The design of MCHPM is inspired by the Elaboration Likelihood Model (ELM) in consumer psychology. This model describes two parallel paths for information receivers to process information: the Central Route and the Peripheral Route. The Central Route is based on careful cognitive engagement, where the audience deeply thinks about the content and quality of the information; the Peripheral Route is based on surface heuristics, where the audience relies on simple cues to make quick judgments. MCHPM cleverly transforms this theoretical framework into a computational model, modeling both information processing methods simultaneously.

## Model Architecture Design

MCHPM adopts a three-stage modular architecture to achieve systematic integration of multimodal cues:

## Stage 1: Cue Extraction

For each modality (text and image), the model extracts both central and peripheral cues simultaneously. Central cues represent deep semantic representations: on the text side, the BERT model is used to extract [CLS] embedding vectors; on the image side, the VGG-16 network is used to extract activation features from the fc2 layer. Peripheral cues capture surface-level features: on the text side, these include polarity, subjectivity, readability, and extremeness indicators; on the image side, they cover visual attributes such as brightness, contrast, saturation, and edge strength. This dual-track parallel design ensures that the model can comprehensively capture various factors affecting review helpfulness.

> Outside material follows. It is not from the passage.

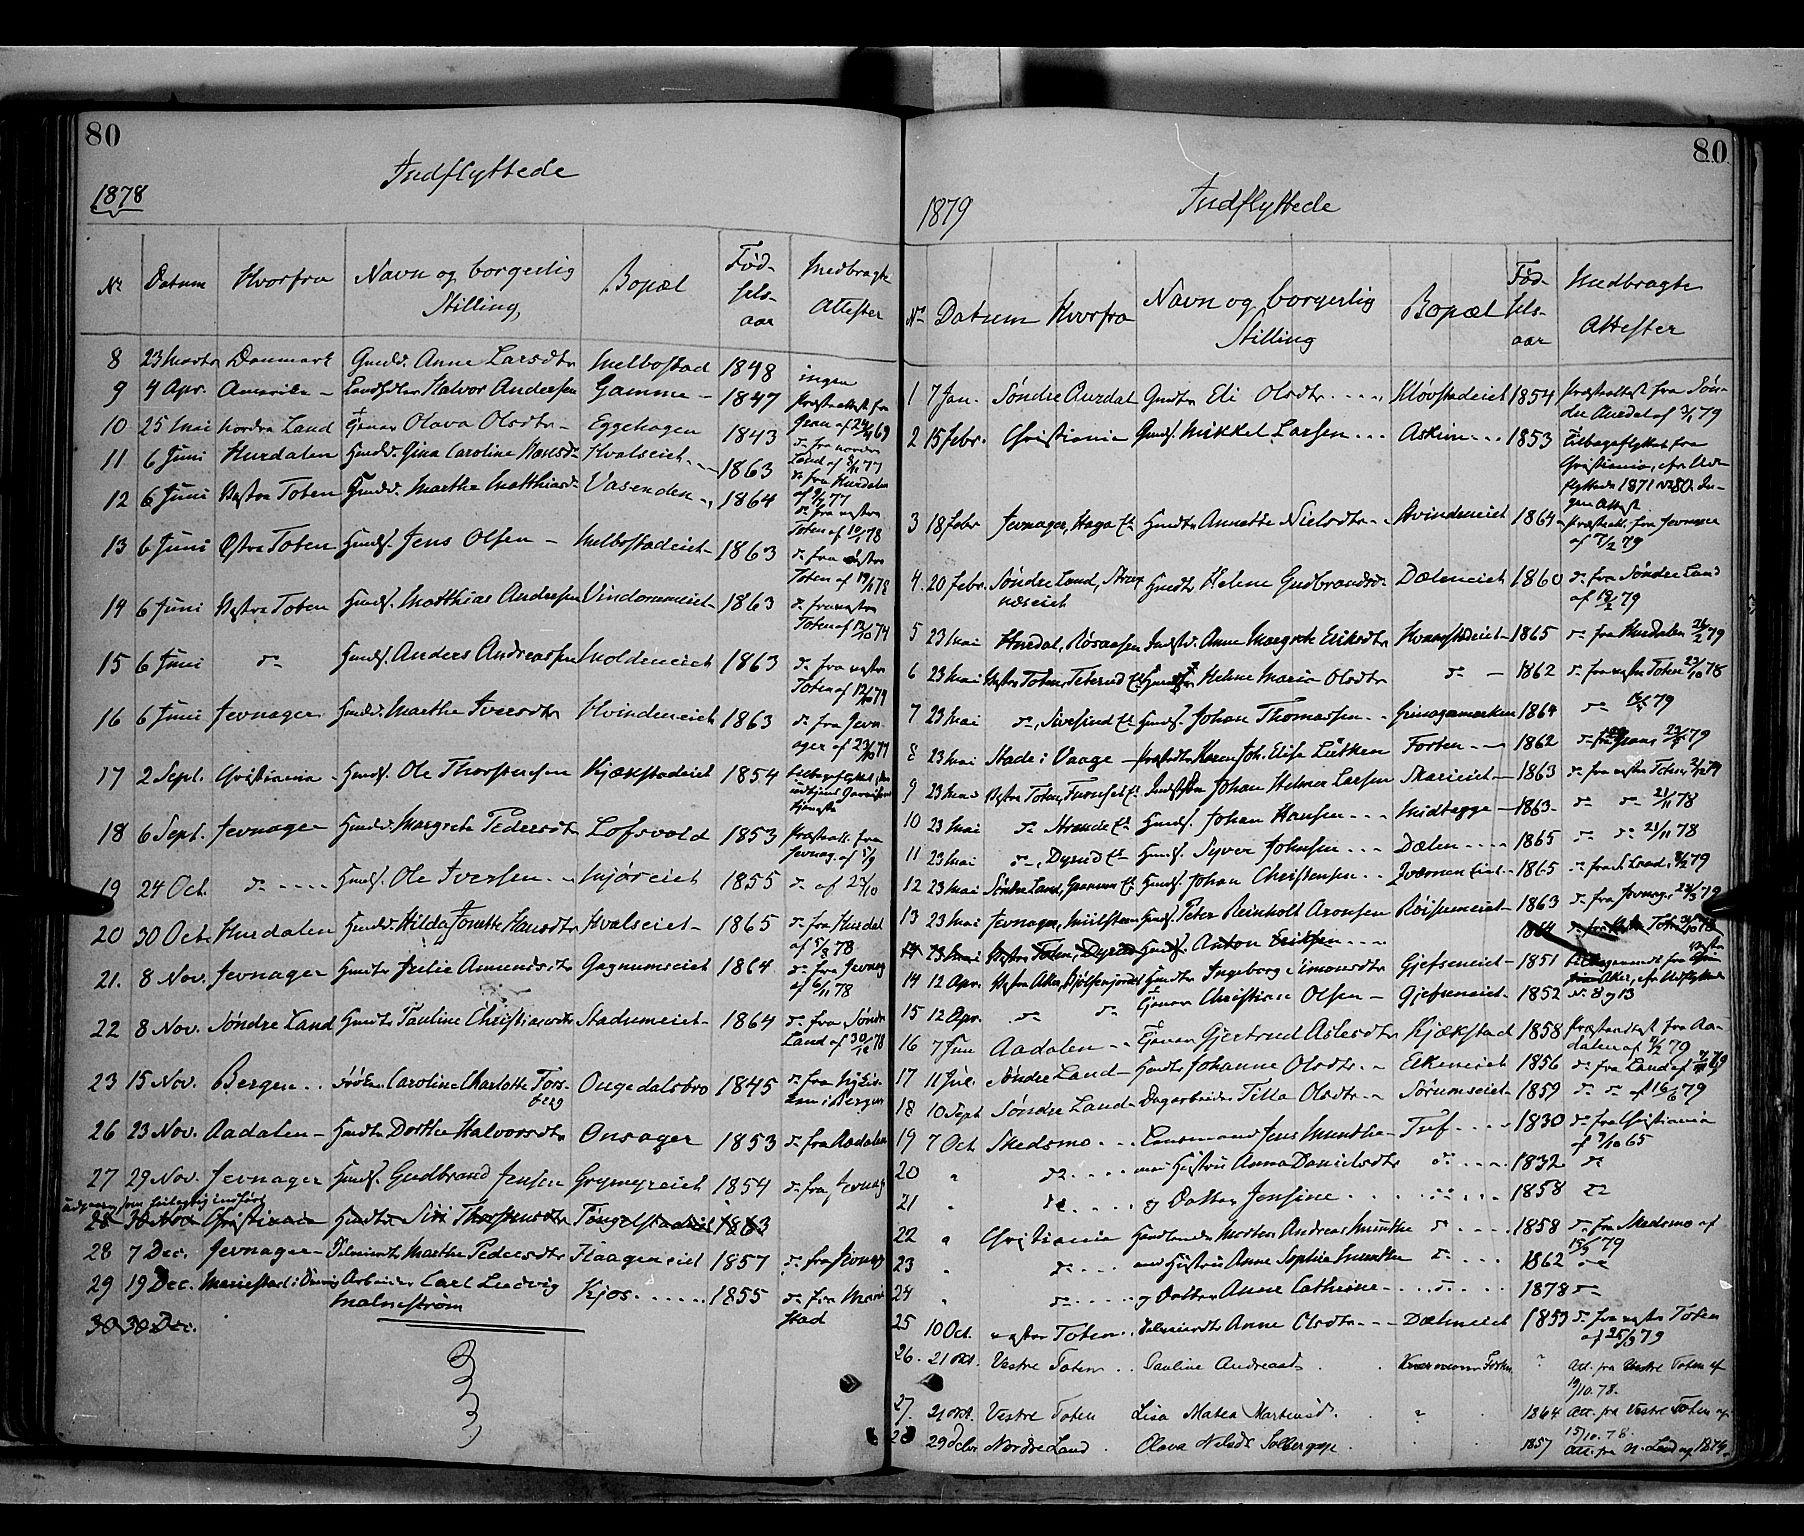 SAH, Gran prestekontor, Ministerialbok nr. 13, 1875-1879, s. 80
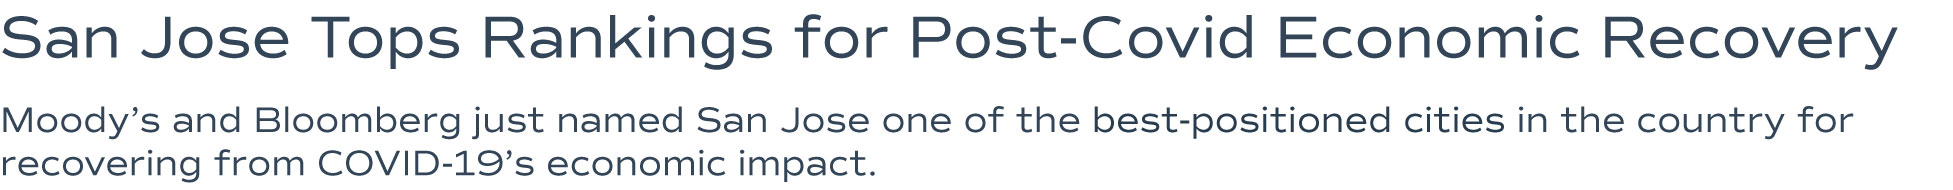 Blog-aggregate-sj-2

## Stage 2: Intra-Modality Co-Attention

Within each modality, central and peripheral cues interact through a co-attention mechanism. Specifically, the central representation queries the peripheral representation, and the peripheral representation also queries the central representation; the two attention-weighted outputs are fused via element-wise multiplication. This design simulates the cognitive process of humans when reading reviews: focusing on both what the review says (central) and how it says it (peripheral). The same pattern is applied independently to both text and image sides to generate modality-specific integrated vectors.

## Stage 3: Gated Multimodal Fusion

The text and image vectors integrated via co-attention first undergo nonlinear transformation through a tanh projection layer, then are input into the Gated Multimodal Unit (GMU). The GMU uses a sigmoid gating mechanism to adaptively determine the weight contribution of the two modalities based on the current input. This dynamic fusion strategy allows the model to flexibly handle different types of reviews: higher weight is given to text for descriptive reviews, while the influence of images is enhanced for reviews rich in visual information.

## Prediction Target and Evaluation

The model defines review helpfulness as a continuous variable, using the logarithmically transformed number of helpful votes as the regression target: log(1 + helpful_vote). This design not only considers the skewed distribution characteristics of helpful votes but also preserves the information of reviews with zero votes. In terms of evaluation, the project uses multiple metrics to comprehensively measure model performance, including Mean Absolute Error (MAE), Mean Squared Error (MSE), Root Mean Squared Error (RMSE), and Mean Absolute Percentage Error (MAPE).